# What is being asked:
Given the entries that follow, write out exactly the lines starting at the one containing "prachtige panorama blauwe" and ending at the one containing "Underjeans by Spykar", both ends included, and only those.

# Data extract:
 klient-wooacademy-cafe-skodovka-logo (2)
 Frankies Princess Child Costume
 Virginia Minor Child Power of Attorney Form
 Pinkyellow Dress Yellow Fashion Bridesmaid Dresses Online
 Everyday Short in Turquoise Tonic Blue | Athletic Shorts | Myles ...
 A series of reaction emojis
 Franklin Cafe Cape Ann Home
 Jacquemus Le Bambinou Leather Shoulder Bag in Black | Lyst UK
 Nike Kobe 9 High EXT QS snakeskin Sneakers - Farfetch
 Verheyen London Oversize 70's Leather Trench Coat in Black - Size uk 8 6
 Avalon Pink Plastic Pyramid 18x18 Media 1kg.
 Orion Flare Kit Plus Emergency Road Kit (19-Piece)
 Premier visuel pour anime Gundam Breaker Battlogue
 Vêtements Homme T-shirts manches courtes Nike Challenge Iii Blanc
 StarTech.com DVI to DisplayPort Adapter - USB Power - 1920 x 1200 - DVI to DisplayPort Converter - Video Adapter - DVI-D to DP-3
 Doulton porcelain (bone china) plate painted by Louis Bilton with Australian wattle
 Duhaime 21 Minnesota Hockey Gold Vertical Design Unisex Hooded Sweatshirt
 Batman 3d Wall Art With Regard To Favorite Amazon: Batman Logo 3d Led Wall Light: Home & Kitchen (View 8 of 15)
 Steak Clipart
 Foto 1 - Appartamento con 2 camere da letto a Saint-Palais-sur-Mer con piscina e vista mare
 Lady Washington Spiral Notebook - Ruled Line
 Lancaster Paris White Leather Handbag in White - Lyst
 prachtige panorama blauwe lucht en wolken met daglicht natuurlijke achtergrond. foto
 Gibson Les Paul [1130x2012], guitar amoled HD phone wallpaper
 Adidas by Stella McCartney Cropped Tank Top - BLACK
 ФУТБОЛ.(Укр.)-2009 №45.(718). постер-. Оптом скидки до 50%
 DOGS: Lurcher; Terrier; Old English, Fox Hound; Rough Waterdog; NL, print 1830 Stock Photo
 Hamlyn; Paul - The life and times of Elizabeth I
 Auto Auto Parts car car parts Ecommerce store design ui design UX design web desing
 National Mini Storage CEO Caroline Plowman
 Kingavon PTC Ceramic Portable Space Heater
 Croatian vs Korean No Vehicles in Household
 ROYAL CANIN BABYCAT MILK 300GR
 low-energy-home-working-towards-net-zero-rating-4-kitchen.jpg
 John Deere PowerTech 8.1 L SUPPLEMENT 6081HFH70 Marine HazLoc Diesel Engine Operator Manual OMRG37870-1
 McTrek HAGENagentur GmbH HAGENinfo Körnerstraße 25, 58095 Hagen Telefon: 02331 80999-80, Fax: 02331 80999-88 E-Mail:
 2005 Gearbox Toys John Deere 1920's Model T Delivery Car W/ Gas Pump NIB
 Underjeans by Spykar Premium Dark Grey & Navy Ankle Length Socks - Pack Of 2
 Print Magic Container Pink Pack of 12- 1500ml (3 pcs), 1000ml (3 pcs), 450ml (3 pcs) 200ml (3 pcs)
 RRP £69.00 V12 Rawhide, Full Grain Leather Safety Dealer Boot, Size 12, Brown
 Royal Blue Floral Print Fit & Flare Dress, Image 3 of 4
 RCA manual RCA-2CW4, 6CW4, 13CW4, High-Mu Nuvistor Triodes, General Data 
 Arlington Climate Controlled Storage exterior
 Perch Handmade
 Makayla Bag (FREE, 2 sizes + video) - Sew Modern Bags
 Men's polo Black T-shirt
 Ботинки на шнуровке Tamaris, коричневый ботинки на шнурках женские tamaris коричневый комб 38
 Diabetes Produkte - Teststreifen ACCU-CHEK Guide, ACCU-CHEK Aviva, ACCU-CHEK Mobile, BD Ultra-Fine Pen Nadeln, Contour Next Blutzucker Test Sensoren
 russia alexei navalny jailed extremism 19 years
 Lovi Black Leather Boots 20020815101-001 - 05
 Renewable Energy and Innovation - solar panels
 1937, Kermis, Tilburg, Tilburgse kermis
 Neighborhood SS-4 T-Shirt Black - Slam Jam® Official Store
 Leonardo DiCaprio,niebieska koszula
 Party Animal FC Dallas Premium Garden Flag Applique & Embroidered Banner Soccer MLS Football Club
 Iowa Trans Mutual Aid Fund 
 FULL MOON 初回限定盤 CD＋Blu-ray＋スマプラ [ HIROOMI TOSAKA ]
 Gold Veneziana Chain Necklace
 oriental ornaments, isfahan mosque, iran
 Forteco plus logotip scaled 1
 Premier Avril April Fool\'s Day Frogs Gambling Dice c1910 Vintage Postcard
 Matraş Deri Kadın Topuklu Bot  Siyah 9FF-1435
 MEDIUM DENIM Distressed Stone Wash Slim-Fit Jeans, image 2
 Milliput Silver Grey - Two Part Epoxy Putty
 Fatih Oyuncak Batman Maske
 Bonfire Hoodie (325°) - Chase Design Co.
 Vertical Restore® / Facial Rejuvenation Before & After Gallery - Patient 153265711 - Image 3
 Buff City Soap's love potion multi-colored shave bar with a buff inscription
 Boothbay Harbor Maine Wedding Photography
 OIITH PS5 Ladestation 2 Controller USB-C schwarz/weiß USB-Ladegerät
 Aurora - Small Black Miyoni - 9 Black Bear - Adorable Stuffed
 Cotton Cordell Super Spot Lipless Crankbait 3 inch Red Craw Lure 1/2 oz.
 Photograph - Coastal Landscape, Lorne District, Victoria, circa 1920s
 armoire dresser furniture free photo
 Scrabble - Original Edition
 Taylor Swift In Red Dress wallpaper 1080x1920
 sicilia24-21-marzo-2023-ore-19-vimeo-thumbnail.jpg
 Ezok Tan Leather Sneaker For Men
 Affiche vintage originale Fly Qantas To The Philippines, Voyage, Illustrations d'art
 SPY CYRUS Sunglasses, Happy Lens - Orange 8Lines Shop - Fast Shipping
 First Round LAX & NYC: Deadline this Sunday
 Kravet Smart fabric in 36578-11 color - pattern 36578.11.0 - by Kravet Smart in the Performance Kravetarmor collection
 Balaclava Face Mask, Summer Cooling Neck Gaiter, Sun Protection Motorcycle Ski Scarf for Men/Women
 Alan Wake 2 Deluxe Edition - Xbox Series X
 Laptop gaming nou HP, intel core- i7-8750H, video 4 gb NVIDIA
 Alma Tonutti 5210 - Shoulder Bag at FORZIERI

# Output for this exercise:
 prachtige panorama blauwe lucht en wolken met daglicht natuurlijke achtergrond. foto
 Gibson Les Paul [1130x2012], guitar amoled HD phone wallpaper
 Adidas by Stella McCartney Cropped Tank Top - BLACK
 ФУТБОЛ.(Укр.)-2009 №45.(718). постер-. Оптом скидки до 50%
 DOGS: Lurcher; Terrier; Old English, Fox Hound; Rough Waterdog; NL, print 1830 Stock Photo
 Hamlyn; Paul - The life and times of Elizabeth I
 Auto Auto Parts car car parts Ecommerce store design ui design UX design web desing
 National Mini Storage CEO Caroline Plowman
 Kingavon PTC Ceramic Portable Space Heater
 Croatian vs Korean No Vehicles in Household
 ROYAL CANIN BABYCAT MILK 300GR
 low-energy-home-working-towards-net-zero-rating-4-kitchen.jpg
 John Deere PowerTech 8.1 L SUPPLEMENT 6081HFH70 Marine HazLoc Diesel Engine Operator Manual OMRG37870-1
 McTrek HAGENagentur GmbH HAGENinfo Körnerstraße 25, 58095 Hagen Telefon: 02331 80999-80, Fax: 02331 80999-88 E-Mail:
 2005 Gearbox Toys John Deere 1920's Model T Delivery Car W/ Gas Pump NIB
 Underjeans by Spykar Premium Dark Grey & Navy Ankle Length Socks - Pack Of 2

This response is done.